A este juego le faltan dos cartas

Dobble es un juego delicioso. Rápido, competitivo, compacto, es la opción perfecta para introducir a muggles en el mundo de los juegos de mesa. Las cartas redondas y las reglas simples los atraen aún más. Pero es un juego con una miga matemática que no te esperas. Empecemos por explicar la mecánica del juego.

El Dobble es un juego de cartas en las que cada una de ellas tiene ocho dibujos diferentes. Si comparas dos cartas entre sí, todos los dibujos en esas dos cartas son diferentes excepto uno. Y puedes probar con cualquier combinación de dos cartas, siempre habrá uno y solo un dibujo que coincida entre ambas.

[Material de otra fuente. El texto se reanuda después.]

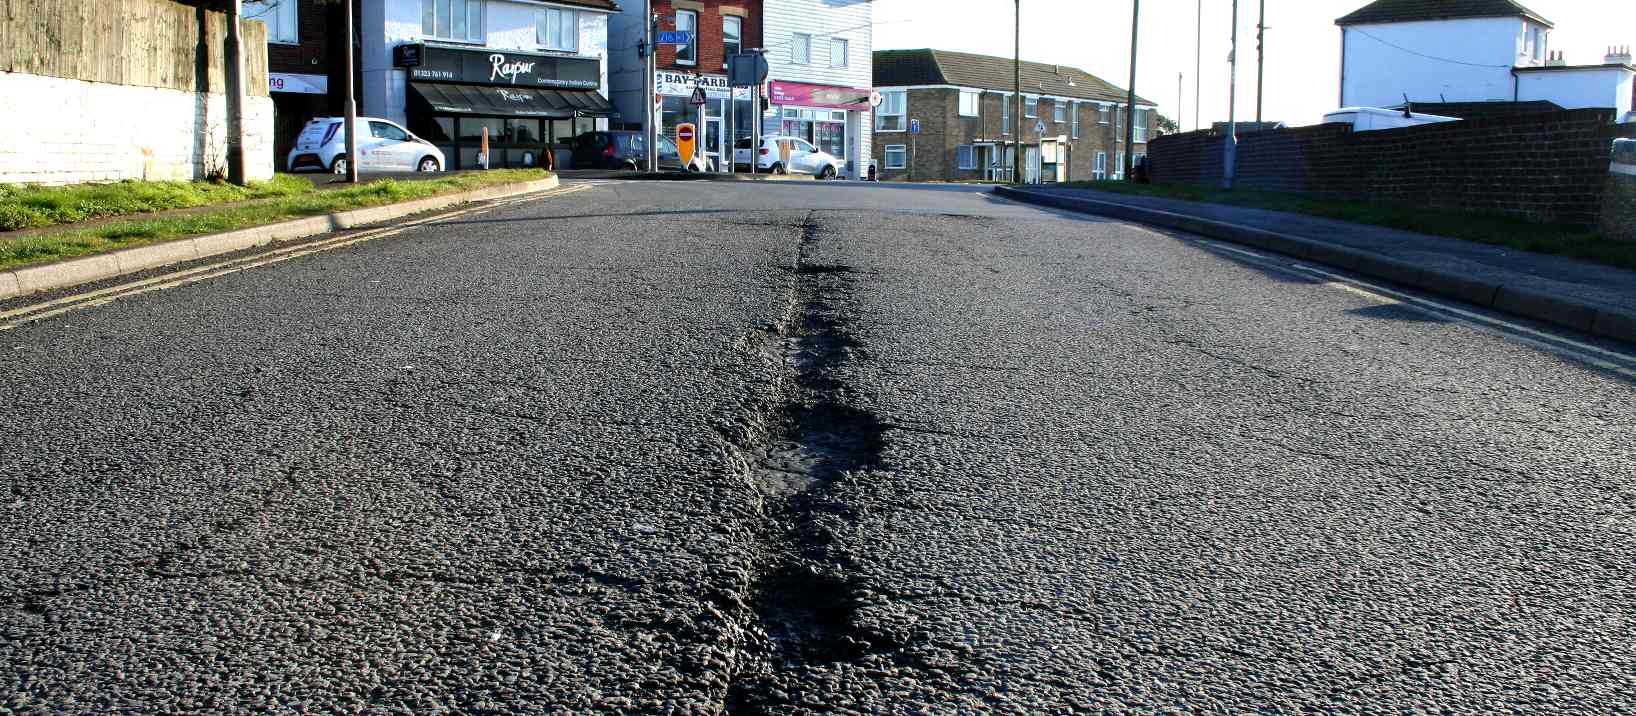 Potholed roads is an indication of defective politics and policies

Hay distintos modos de juego, pero todos se basan en ser el primero que encuentra el dibujo coincidente entre tu propia carta y una carta ajena o común para todos los jugadores: el que más rápido la encuentre se va deshaciendo de cartas o va ganando más y más cartas dependiendo del método de juego. En total hay 55 cartas, cada una con 8 símbolos, y un total de 57 símbolos repartidos entre ellas.

Ejemplo de los símbolos en común entre varias cartas

Cómo de difícil ha sido diseñar este juego? Aquí es donde se hace necesario introducir la geometría proyectiva, que tiene dos postulados iniciales muy parecidos a nuestras limitaciones en el juego:

  • Dos puntos definen una recta.
  • Todo par de rectas se cortan en un punto.

Si ponemos “cartas” y “símbolos” en esas dos frases (y lo reescribimos más claro), tenemos algo parecido a nuestras restricciones en el juego de mesa:

  • Dos cartas definen un símbolo (o dos cartas tienen en común un sólo símbolo).
  • Todo par de símbolos (distintos) se cortan en una carta (cierta combinación de símbolos sólo se da en una carta concreta).